# Light Trouble



## AceT9 (Jun 10, 2006)

Well i have a little problem . Me and my friend were planning to be growing White Widow at his house and he had a1000hps somewhere so his parents did not find it. Today i find out that he got arrested for armed robbery and now i cant get the hps from him,so this like screws up my whole plan to grow . Since i spent alot of my money on that hps i now dont have that much money. I spoke to a local hydroponics store and he is going to give me a deal on this whole set up for cheap(it is his but he is planning on buying a new one)http://www.airlinehydroponics.com/cgi-bin/store.pl?item=476 

I was wondering would this be a okay light for flowering. I already have lights for vegging, so i need for flowering. I know you guys dont know how much bud i will get out of this light but can anyone give a prediction? Any comments will be very appreicated .


----------



## Biffdoggie (Jun 10, 2006)

Those are pretty good, really strong for flouro. but I have never flowered with them, not even a guess on yield. Is he switching to an HPS or something? I would try to find another used/refurbished one for a good price.


----------



## AceT9 (Jun 10, 2006)

Biffdoggie said:
			
		

> Is he switching to an HPS or something?


 
is who switching to an hps? My friend had a 1000 watt hps but he had hidden it somewhere that i dont know about.


----------



## Biffdoggie (Jun 10, 2006)

The guy that is hooking you up with the flouro, what is he switching to? There is a huge difference between the light you are looking at and a 1000W HPS


----------



## AceT9 (Jun 10, 2006)

*The guy at the store is hopeing to sell me the flouro and then by himself a bigger light. The guy at the store is not the guy that i was going to grow with. The guy is selling me the flouro for 45? Should i use this for flowering?*


----------



## Biffdoggie (Jun 10, 2006)

You can but it's better for veg, that's a good price for that particular light, but it still isn't going to match an HPS.


----------



## fusible (Jun 10, 2006)

In order to answer your question we need to know what nutes your using, how long your vegging, rh, temp, watering sched., etc..... you've already told us you're planning on using that light for the whole cycle, we don't need to know what light the hydroponics guy is switching to, that's irrelevant.....obviously you're yield will be lower than it would be if you were using a HPS, but depending on the other factors you might end up with something decent.


----------



## Biffdoggie (Jun 15, 2006)

My point was not what light the guy at the store is switching to, I was trying to steer him in the direction of _why_ the guy at the store is changing.

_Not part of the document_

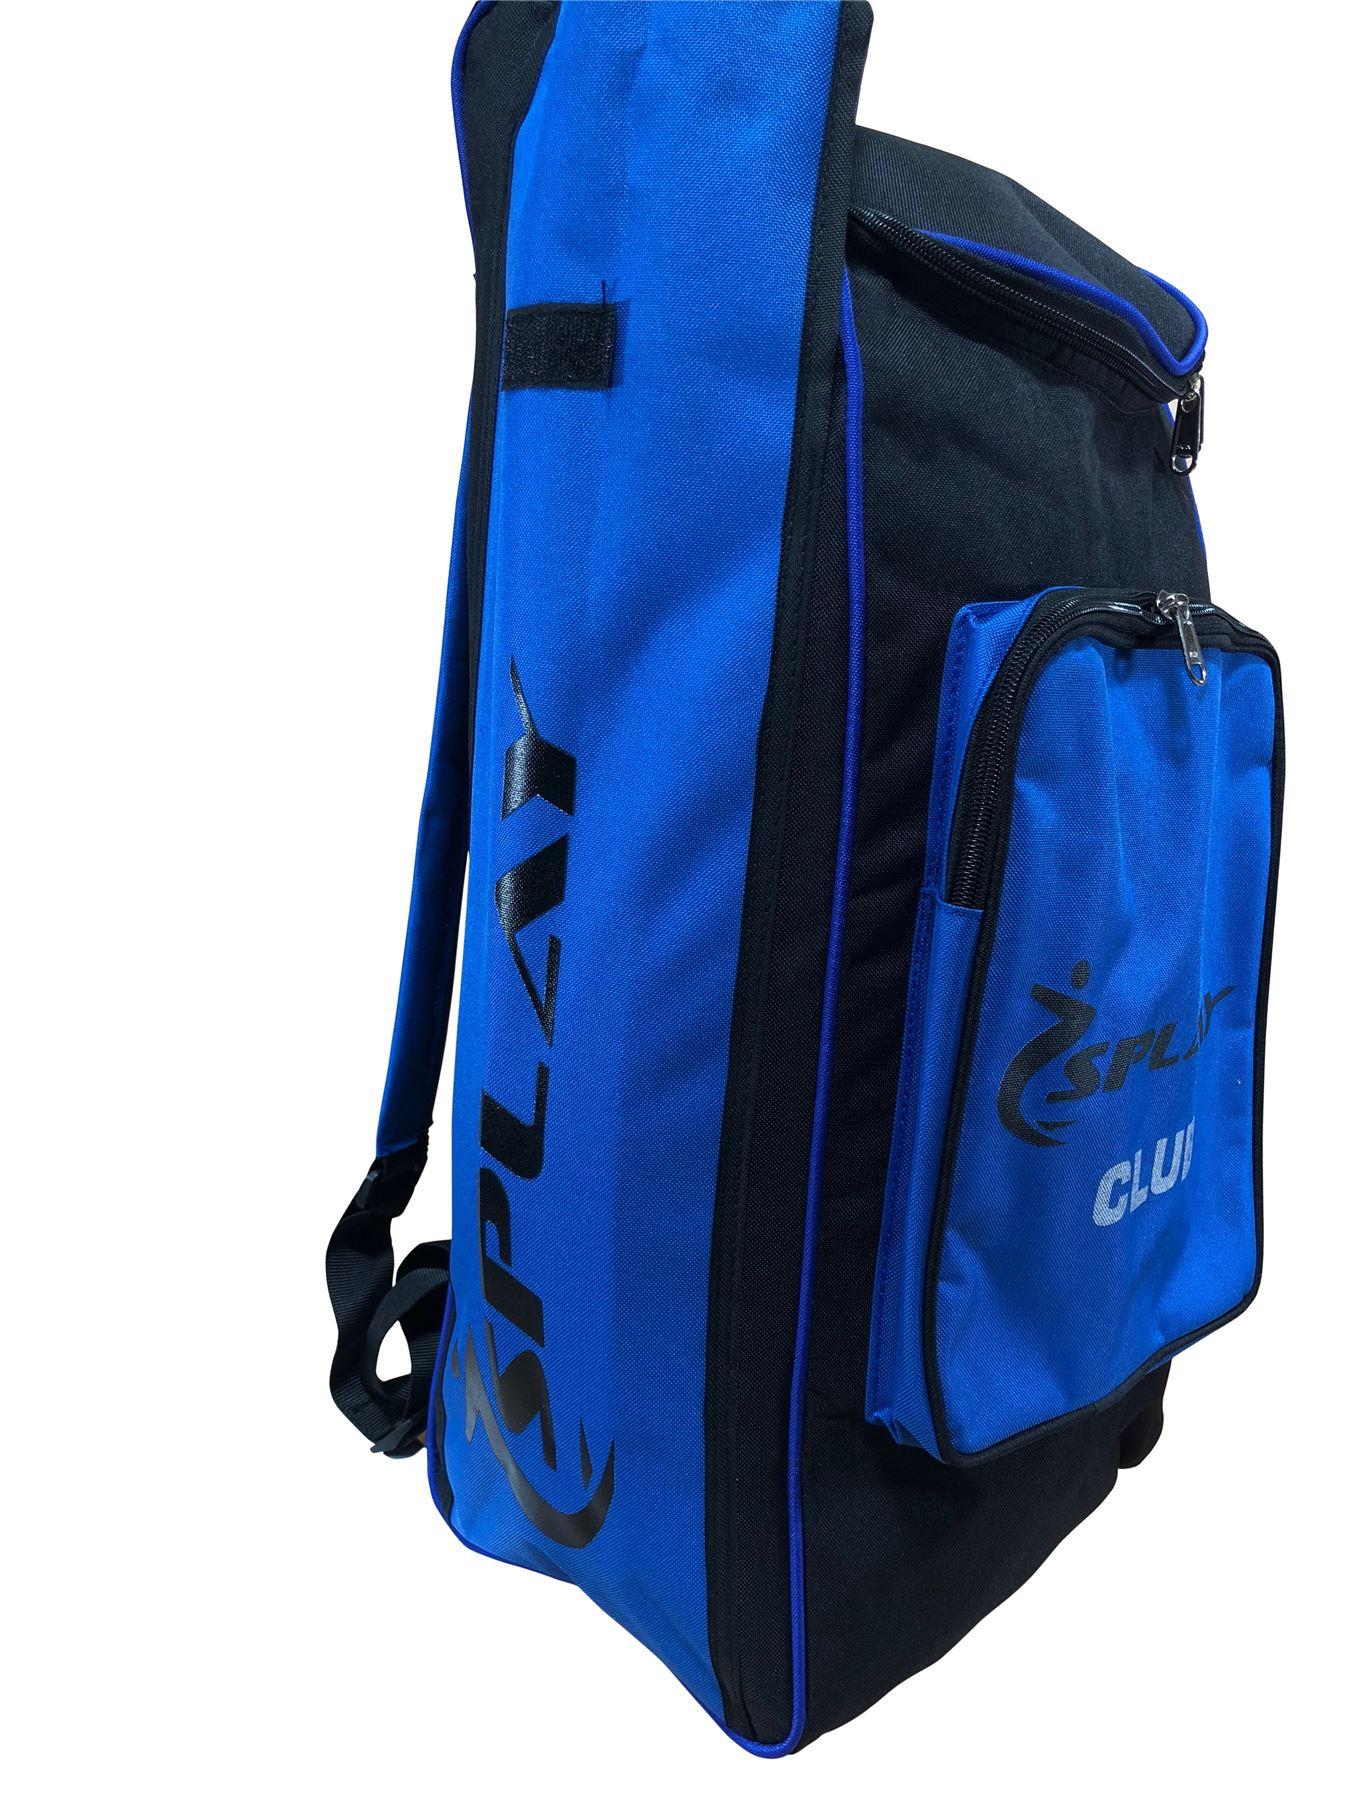 0d70dd4e3c Splay Club Cricket Kit Bag

People at the stores will try to pawn anything off to people once they are done with it.
Since this whole thread is about lights the things you are asking are not needed, he wants to know if it's enough light, not about plant health. If it ain't enough light it ain't enough light, whatever you feed it or however you treat it.
My point. You can flower with this light but you might not be that happy with the results.


----------